Yeah. I, and for me as a child I grew up in West Virginia, which is a, a state that has a lot of coal. So there was a lot of coal mining. And as a kid early in the mornings, I would hear the, the train whistles as the coal mining trains would move through the valley. And to this day, whenever I hear that sound, when a train approaches an intersection, and there’s a particular sequence of notes that are used to, to communicate that they’re coming into an intersection, it takes me right back to when I was a kid and, and hearing the trains in the early morning.

Pat Murphy:

Absolutely look so many marketers and agencies, they focus on the visual representation of an ad and the copy that accompanies it. But so often music gets left to last in the process of making an ad. Why is that, do you think?

Steve Keller:

Yeah, it’s, it’s fascinating to me that particularly, you know, in ads that are audio visual, you know, the audio is set at least 50% of the multisensory input that, that you’re getting.

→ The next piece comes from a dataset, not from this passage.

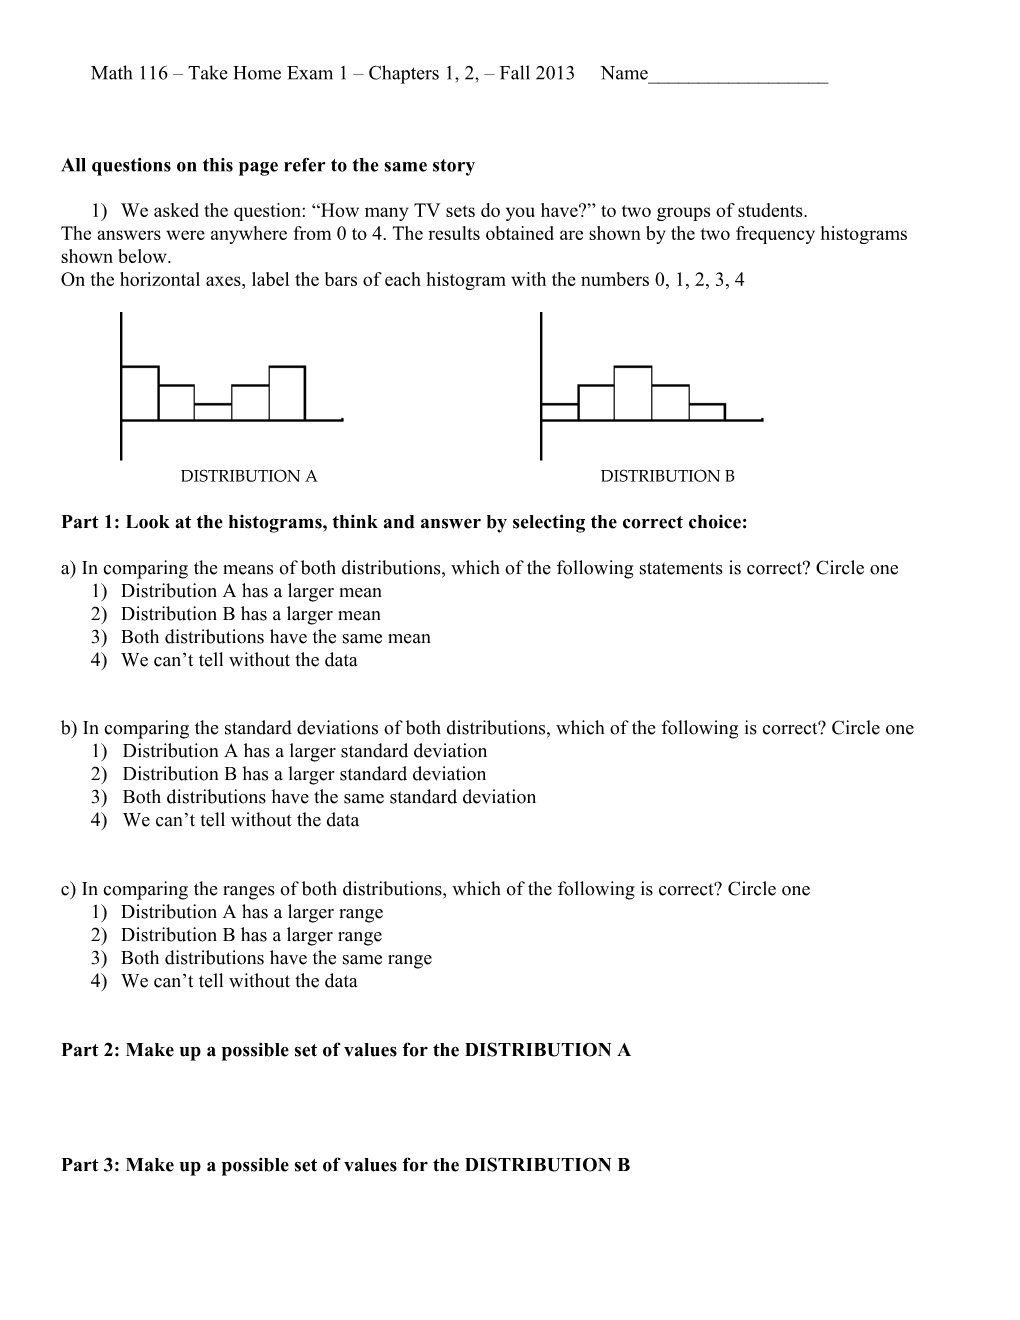 ) All Questions on This Page Are Related to the Histogram Shown Below

And yet we spend all of this time thinking about the shoot, the actors that we’re going to have the colours, the background, and then we get into editing and it’s, ‘I guess we need a piece of music underneath this. Let’s throw something in and see what sticks’, or maybe there’s a voiceover announcer that’s added later because there’s a script and that hasn’t been thought about before. And when you know how powerful music is when, you know, you can change that visual narrative in an instant simply by changing the sound underneath it. It’s always surprising to me that still, this is a, a habit that we have in the advertising and marketing industries of not thinking about the Sonic implications of advertising early on.

Pat Murphy:

I saw you wrote in an Ad Week article that brands need to harness the power of audio to compete. How do they kind of take steps to get this right then?

Steve Keller:

I think you know, there has to be an intention behind it. You know, my title as you mentioned in the introduction is Sonic strategy director and folks often ask me, what does that mean, Steve? I mean, it’s a cool title, but what do you really do?

Pat Murphy:

It’s a great question. First of all cool title, right? But also what is Sonic strategy to people who don’t know, explain what that means?

Steve Keller:

The simplest way I’ve come to explain it is that my job is really blending sound science with sound art, to help our clients make sound decisions. And this ladders back to your previous question. And I think what we need to do is begin to think about the decisions we’re making about sound. Why would we choose this piece of music? Why would we choose this voiceover? Should there be sound design, should there not be sound design? And we can use science to inform the creators that work with sound how they can use sound to get to particular outcomes that we’re looking for. And that’s the strategy piece. And we know from research, when you get it right, it has a powerful impact. And if you’re not paying attention, you can get it wrong. And it can have just as powerful, a negative impact on a brand if you’re not getting it right.

 Pat Murphy:

So at what point in the process of making an ad, should clients be thinking about their Sonic strategy or audio strategy?

Steve Keller:

Again, as we mentioned earlier, do it in the beginning, don’t leave it to the very last. Start thinking about Sonic KPIs for a brand. Brands have KPIs for everything. And it’s kind of surprising to me when I will talk to a marketer and I will say, well, what are your KPIs for audio? And the eyes will get right as if ‘I can actually have a KPI for audio?’. And yes, you know, what are the behaviors that you’re attempting to move your consumer to? What are the perceptions of the brand you’re trying to reinforce? How is your use of sound building brand equity? How are you managing that? So I encourage brands to, to develop a set of Sonic KPIs that really can drive how they’re thinking about sound and measuring those, those outcomes. And that’s only gonna happen if it’s at the beginning of the process, as you’re thinking about everything else, that’s going into a campaign.

Pat Murphy:

So it’s the question at the very beginning, which is ‘what is the role that music plays in your advertising or this particular campaign’, is that correct?

Steve Keller:

Yes, exactly! Or a voice. And we can also speak to how the use of music and sound begins to create an identity of the brand. There’s, there’s a lot of talk about Sonic identity, Sonic branding. I think a lot of brands don’t realise that they may have already inadvertently created a Sonic identity. It’s simply an experience of a brand that someone has. So if you begin thinking about the way you’re using sound to express your brand identity, the same way that brands think about visuals in expressing their identity. So they’ll build, you know, colour palettes, they’ll have a visual logo they may have a particular look or feel they have brand guidelines and standards around all of that. So they’re consistent. It’s simply applying that same type of thinking and strategy to sound, what are consistent uses of sound that can create a Sonic palette that when someone hears it, even if they’re not looking at the commercial, they’re aware, ‘oh, that’s this particular brand’ or using a Sonic logo, which is similar to a visual logo, a short little motif, or set of sounds that brings your brand top of mind.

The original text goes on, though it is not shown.